PTEN-deficient/NIC mammary tumorigenesis is associated with LOH at the PTEN locus and activation of the MAPK and PI3K/Akt pathway. A, Southern blot analysis of tumor DNA from the indicated genotypes. The detectable bands represent the wild type (WT) and mutant alleles. B, ErbB-2 was immunoprecipitated (IP) from tumor lysates (500 μg) and subjected to ErbB-2 and phosphotyrosine immunoblot (IB) analysis. These same lysates (20 μg) were subjected to Erk and phospho-Erk (B) and Akt and phospho-Akt (C) immunoblot analysis. ErbB-3 immunoprecipitation was performed on 500 μg of tumor lysates followed by ErbB-3 and phosphotyrosine immunoblot analysis. D, biochemical examination of PI3K/Akt downstream targets. Tumor lysates (20 μg) were subjected to Tsc2, phospho-Tcs2, Bad, phospho-Bad, Gsk3β, and phospho-Gsk3β immunoblot analysis. p, phosphorylated.
To ensure that PTEN-deficient/NIC tumors express activated ErbB-2, we subjected ErbB-2 immunoprecipitates from mammary tumor lysates to immunoblot analysis using ErbB-2 and phosphotyrosine antibodies. High ErbB-2 levels and ErbB-2 activation were confirmed in all tumors (Fig. 4B, upper panel). To assess whether PTEN-deficient/NIC tumors are capable of activating ErbB-2 downstream targets, such as the MAPK signaling pathway (5), tumor lysates were immunoblotted for Erk and phospho-Erk. Like the MMTV-NIC model, PTEN-deficient/NIC tumors expressed similar levels of activated Erk (Fig. 4B, lower panel), indicative of efficient activation of this pathway.

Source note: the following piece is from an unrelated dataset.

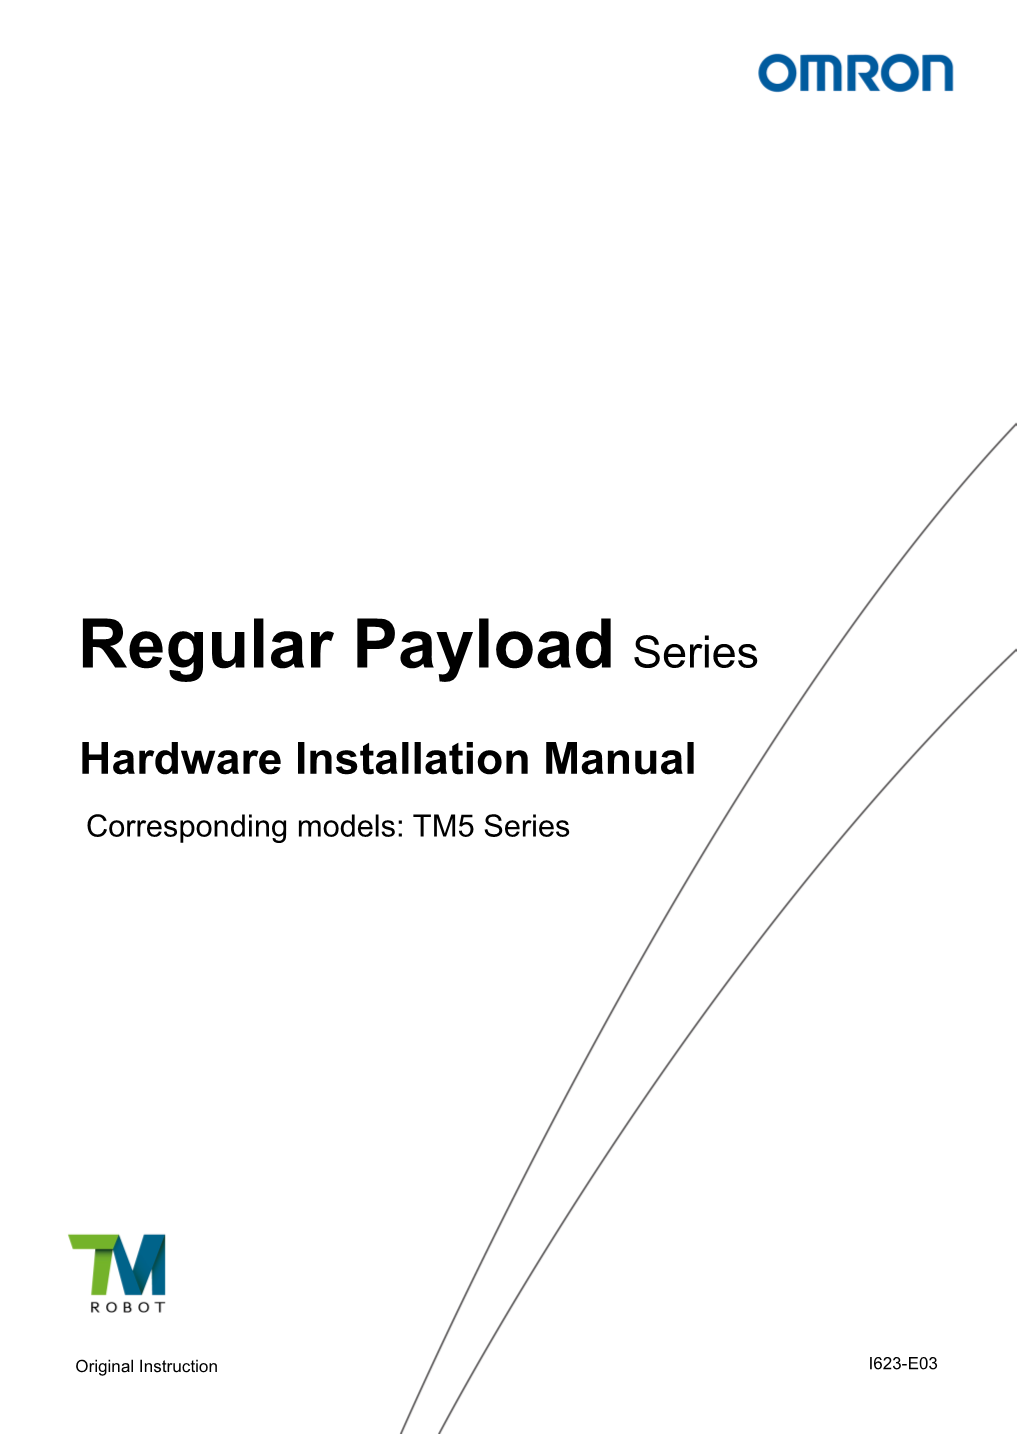 TM5 Hardware Installation Manual

Given that PTEN functions as a negative regulator of the PI3K/Akt pathway, its loss can lead to hyperactivation of Akt (13). Therefore, we examined PTEN-deficient/NIC mammary tumor lysates by immunoblot analysis using Akt and phospho-Akt antibodies. As predicted, loss of PTEN function increased Akt phosphorylation relative to the parental strain (Fig. 4C, upper panel), indicating amplification of the PI3K/Akt signal in PTEN−/−/NIC mice. Thus, we investigated the activation of PI3K/Akt downstream targets, including tuberin (Tsc2), Bad, Gsk3β, and the mammalian target of rapamycin (mTOR). Immunoblot analysis revealed that the majority of PTEN−/−/NIC tumors increased phosphorylation of three direct Akt targets, Tsc2, Gsk3β, and Bad (41–43) (Fig. 4D). However, phosphorylated mTOR levels varied in tumors derived from both mouse strains, which correlated with total mTOR protein (data not shown). Together, these data provide evidence that PTEN inactivation in MMTV-NIC-induced mammary tumorigenesis gives rise to tumors that have acquired hyperactivation of the PI3K/Akt pathway.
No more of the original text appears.